My podcast with Alan Kohler

Modern Monetary Theory (MMT) has been gaining more attention in Australia in recent weeks. I have been shifting my face-to-face speaking commitments slowly to on-line presentations. I will be announcing more systematic MMTed classes beginning via the Internet soon. And I will do some Live Youtube presentations as well. Last week, the well-known financial market journalist Alan Kohler used his weekly column in The Australian newspaper to discuss MMT – It’s Modern Monetary Theory time as the state steps in (March 23, 2020 – subscription required). Apart from his private corporate work in the financial markets (he writes a regular briefing and does an inflight business report for Qantas), Alan presents the finance report on the national broadcaster ABC nightly news program.

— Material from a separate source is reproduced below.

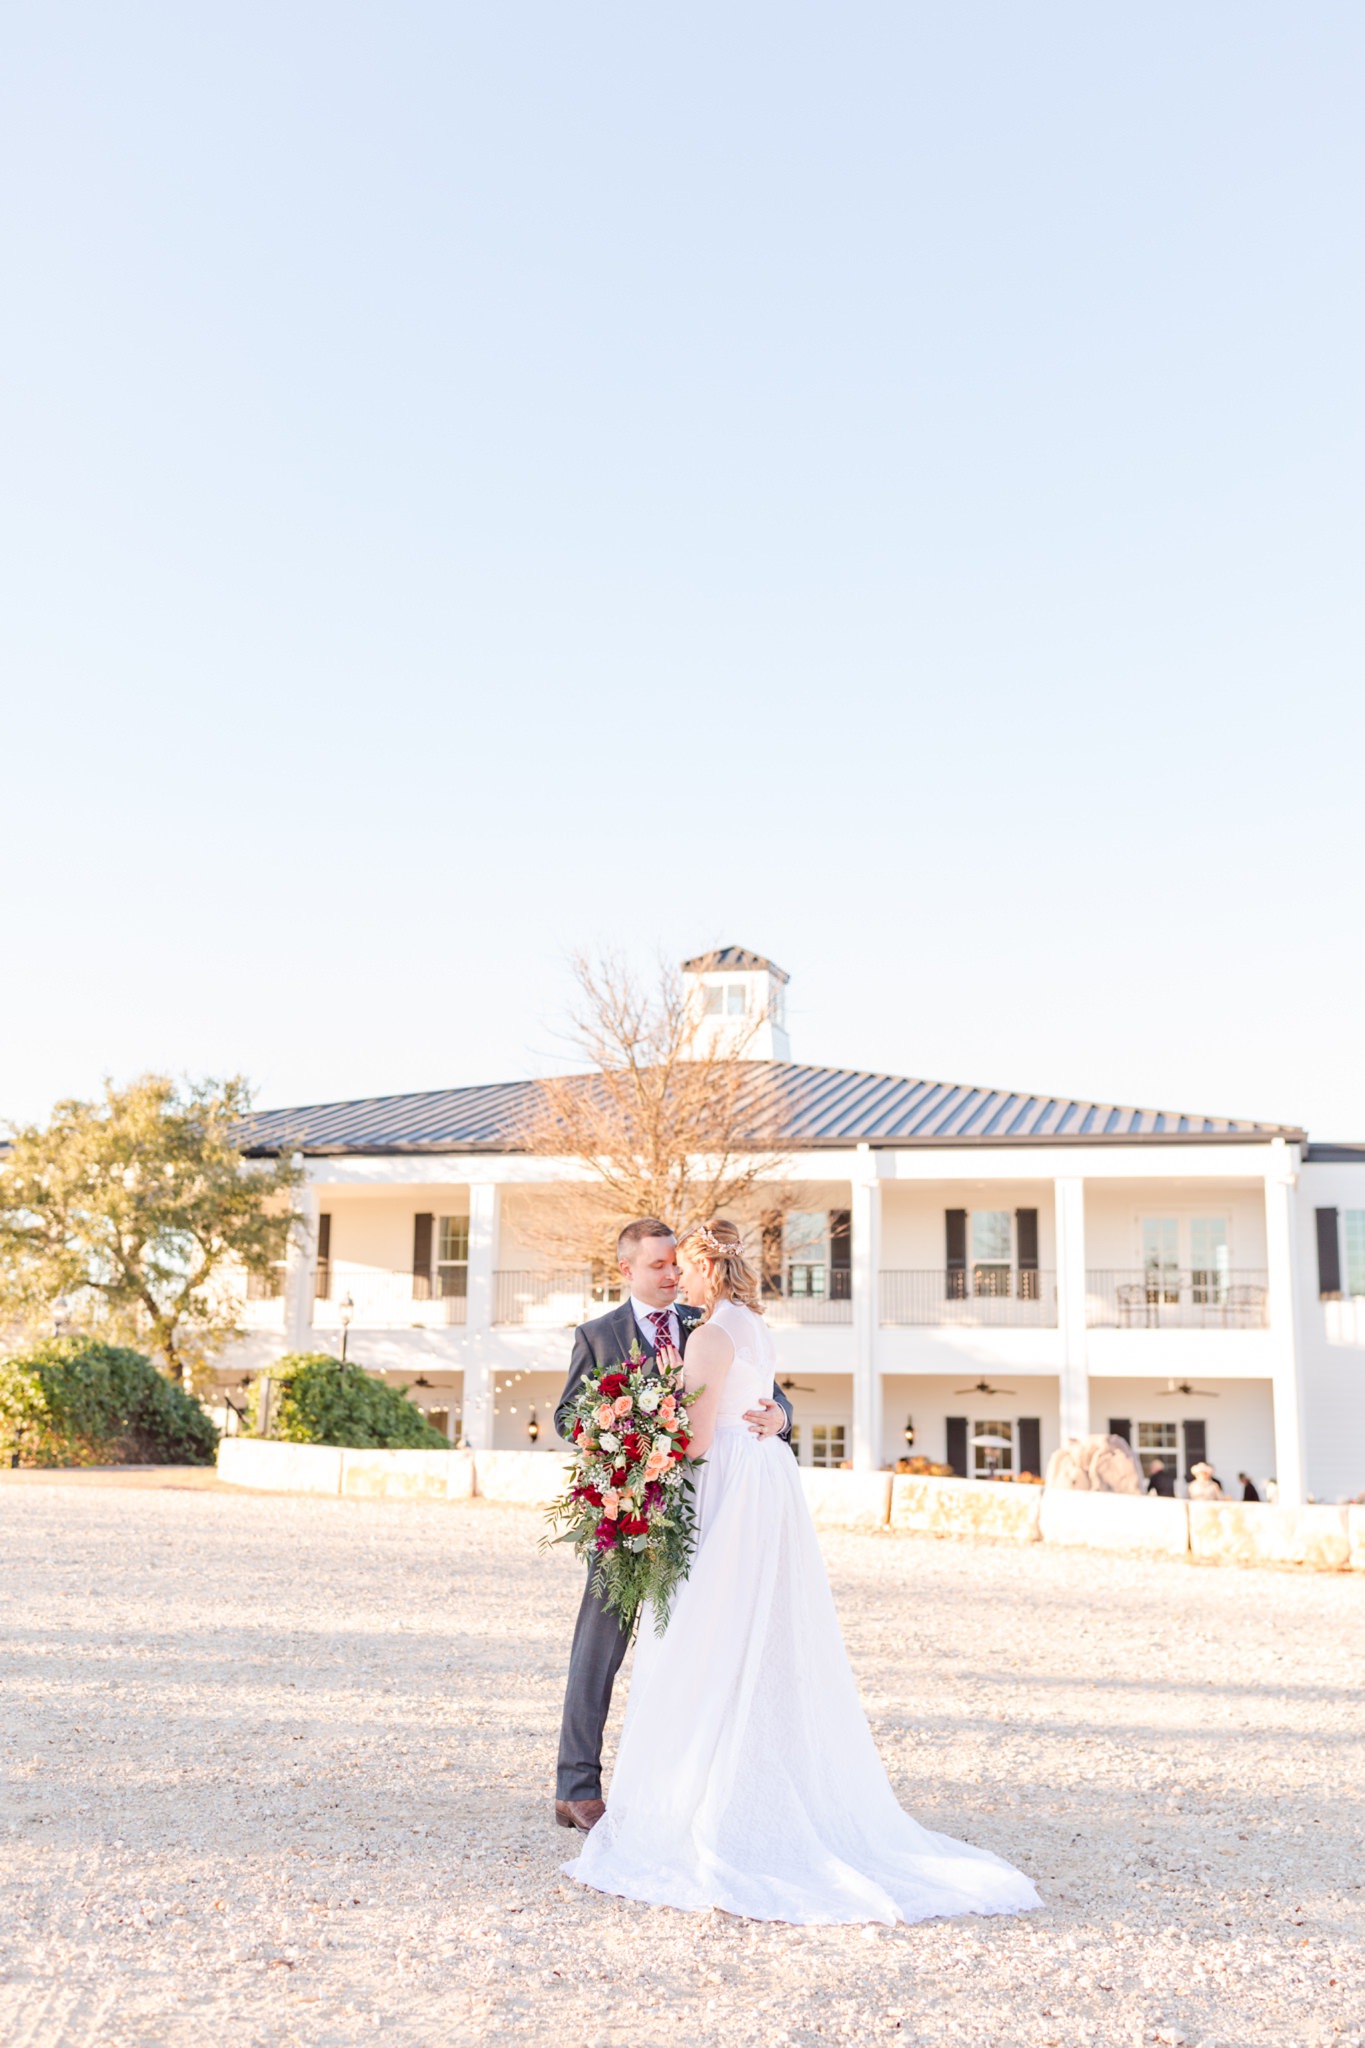 A Burgundy, Gold and Peach Wedding at Kendall Point in Boerne, TX by Dawn Elizabeth Studios, Boerne Wedding Photographer

He is also a regular columnist in the business pages. So he has high profile. I discussed my concerns with Alan’s representation of MMT in this blog post – It’s Modern Monetary Theory time! No, it always has been! (March 23, 2020). We made contact soon after that – I E-mailed him to tell him I had written a response to his column and he rang me and we arranged to talk further. On Wednesday last week (March 25, 2020), we spoke as part of Alan’s regular podcast – published at Eureka Report (which is a subscription business service). The 48-odd minute is also published here with some additional commentary.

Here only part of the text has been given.